The Buenos Aires bid has impressed many with its plans for a 14-kilometre Olympic corridor winding along the banks of the River Plate. The Greeks were cruelly stitched up by commercial imperatives when Atlanta beat them out for the 1996 Games. The South Africans claim this moment in history as theirs and offer Table Mountain as backdrop. Rome, however, has what nobody else has. Rome has clout.
Next Friday each of the cities will have its final shot at persuading the voters. The cities will line up one after the other to give lavishly-produced, 55-minute presentations of their plans. There are no depths of sentimentality or hubris to which the bidding cities won't sink at this stage. Little children of all races are exploited readily. The video presentation of most bids makes Little House on the Prairie look like cold, gritty, urban reality.

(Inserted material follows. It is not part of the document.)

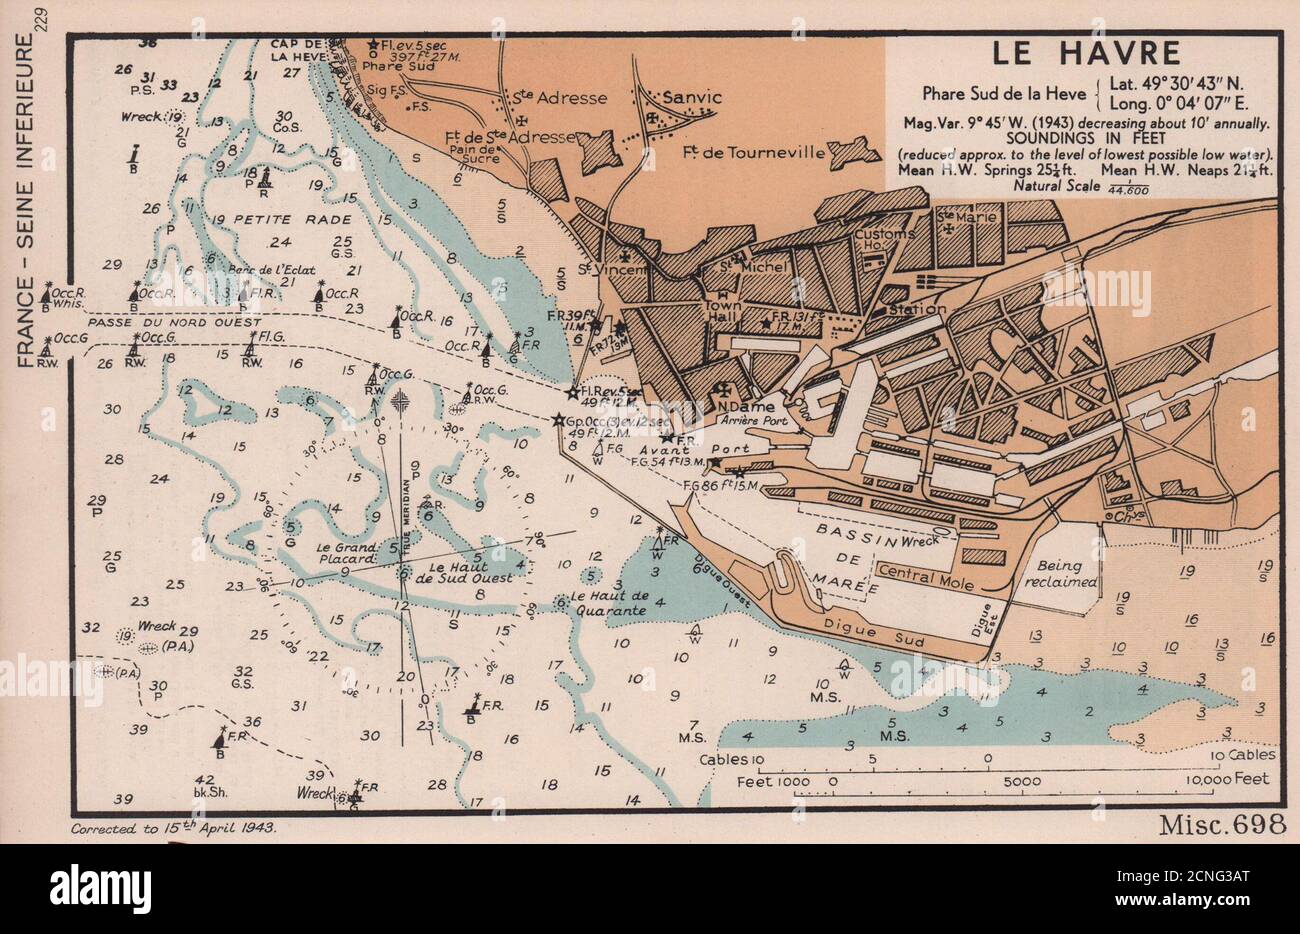 Le Havre town plan & sea coast chart. D-Day planning map. ADMIRALTY 1943 Stock Photo

The real business of the day, however, will be the report to the IOC by its evaluation commission, which takes place for an hour after the final city (Rome, in this instance) has made its presentation.
As soon as the evaluation committee has finished its business, the voting begins, and in 30, drama-filled minutes, campaigns which have spun on their own energy for years are blown away.
The city with the fewest votes in round one (likely to be Buenos Aires or Stockholm) is eliminated for round two, and so on until two cities are left.
This process is less straightforward than it looks. When Berlin was eliminated in the second round in the 1993 session, Manchester actually lost votes on the next round. Something similar happened to a respectable Melbourne bid for the 1996 games.
The political considerations which IOC members bring to the voting hall are many and varied. Up to a dozen European cities, including London, are considering bids for the 2008 games. If the 2004 games are awarded to Europe, the pressure to bring the games to Africa or Asia in 2008 will be immense. Many of the European voters will be looking to 2008 and hoping perhaps that the games go elsewhere.
This could be balanced out, however. Will the South American and Asian vote weigh in behind Cape Town, or will voters flock behind the Roman candidacy in the hope of taking the games to Beijing or Argentina in 2008?
If Cape Town can stay in the process long enough, can they draw votes from disgruntled supporters of the Athens bid who have found Rome's campaign (and especially the contribution of athletics) high handed and insulting?
The permutations are virtually endless. Rome are the favourites, but the business is fuzzy enough and complicated enough to be interesting right till the end.